You can't book more than 364 days in advance... anywhere.


----------



## adamd (Jan 5, 2012)

G-Mo said:


> You can't book more than 364 days in advance... anywhere.


so why the hell make it one of the requirements that you have your return flights booked? I can understand it as they want proof you will leave the country but really if its not possible.


----------



## Freddy_uk (Feb 11, 2012)

Have the money available and book the flights etc11months in advance if its that important. That still gives plenty of time.


----------



## adamd (Jan 5, 2012)

Freddy_uk said:


> Have the money available and book the flights etc11months in advance if its that important. That still gives plenty of time.


Still you pay one way supplement which can add up....as someone trying to do all of this on a tight budget it doesn't help...


----------



## onewayticket (Jan 20, 2012)

It's nice to have a return ticket if everything goes balls up and you need an exit strategy though you don't require one. If you can show proof of funds even in credit card form you are fine with a one way ticket. I'm on my 3rd visa and haven't had a return ticket yet, nor have been asked to show proof of funds. 

I understand it's cheaper to by a return ticket though who knows what part of the country you'll be in in 12 months. One way flights to the UK can be pretty cheap anyway. Sometimes it's almost as cheap to fly to Europe from Vancouver than to the East of Canada. 

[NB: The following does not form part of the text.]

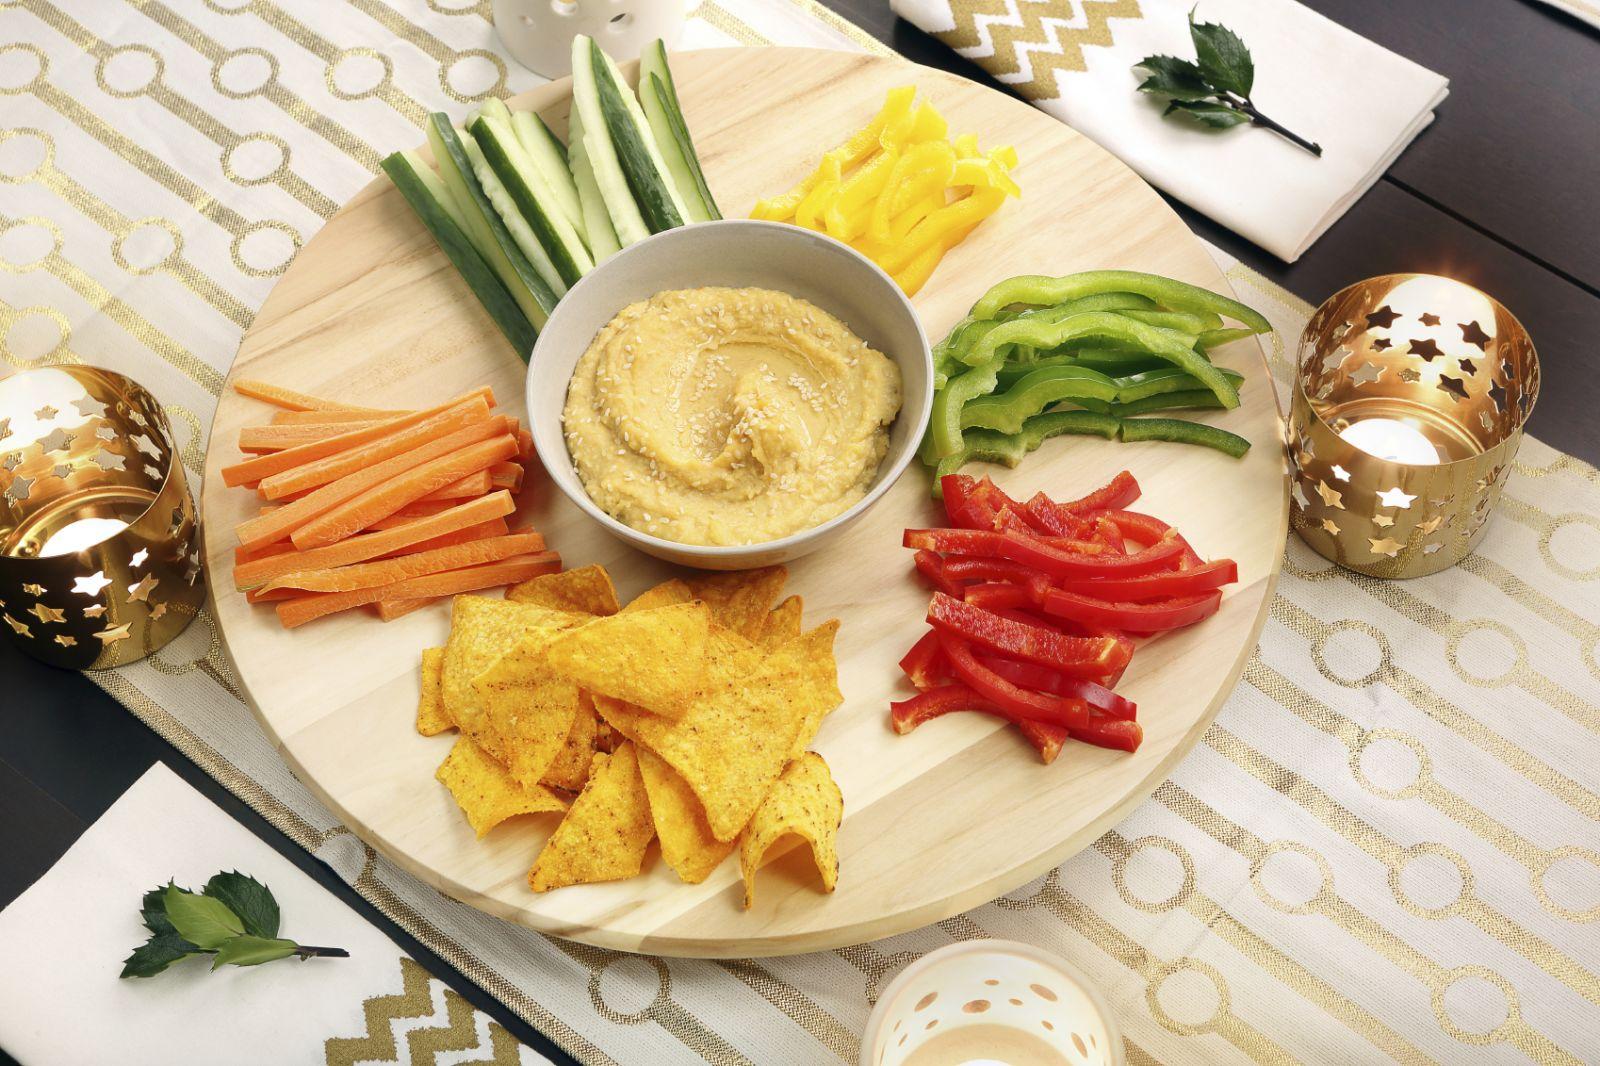 IStock 000055379720 Hummus.jpg

Agreed it's stupid to ask for a return ticket but you have to take into account that 1000's of people come here on a WHV who are leaving home for the 1st time and can barely dress themselves let alone keep money for a ticket home.

As for needing to organise haulage.. what the hell you bringing if just for a year?? and as for insurance you'll be needing that the entire time you're in Canada anyway, don't count on getting local coverage on a one year visa.


----------



## NOC (Nov 1, 2011)

try Canadian Affair website, really cheap and you can book as close to the year as you can or want and then just change the flights dates closer to when you want to return


----------



## G-Mo (Aug 17, 2011)

NOC said:


> try Canadian Affair website, really cheap and you can book as close to the year as you can or want and then just change the flights dates closer to when you want to return


Firstly, Canadian Affair bookings are non-changeable.

Secondly, you have to use the return portion of any ticket within 364 days of initial travel. That is to say, if you don't use a return flight within a year, it's gone. If you have any inclination that you intend to stay even 1 day over a year, you should go with one ways.


----------



## angel363 (Jul 31, 2011)

I've debated the same thing. I've decided to book a one-way fare. Although it is not good value for money the quotes I've been getting from Australia are still $1000 cheaper. If a return ticket is cheaper, buy the return but just don't use the return part of the ticket. If one way is cheaper, even if only by a bit it means you can use the money you've saved on something else.


----------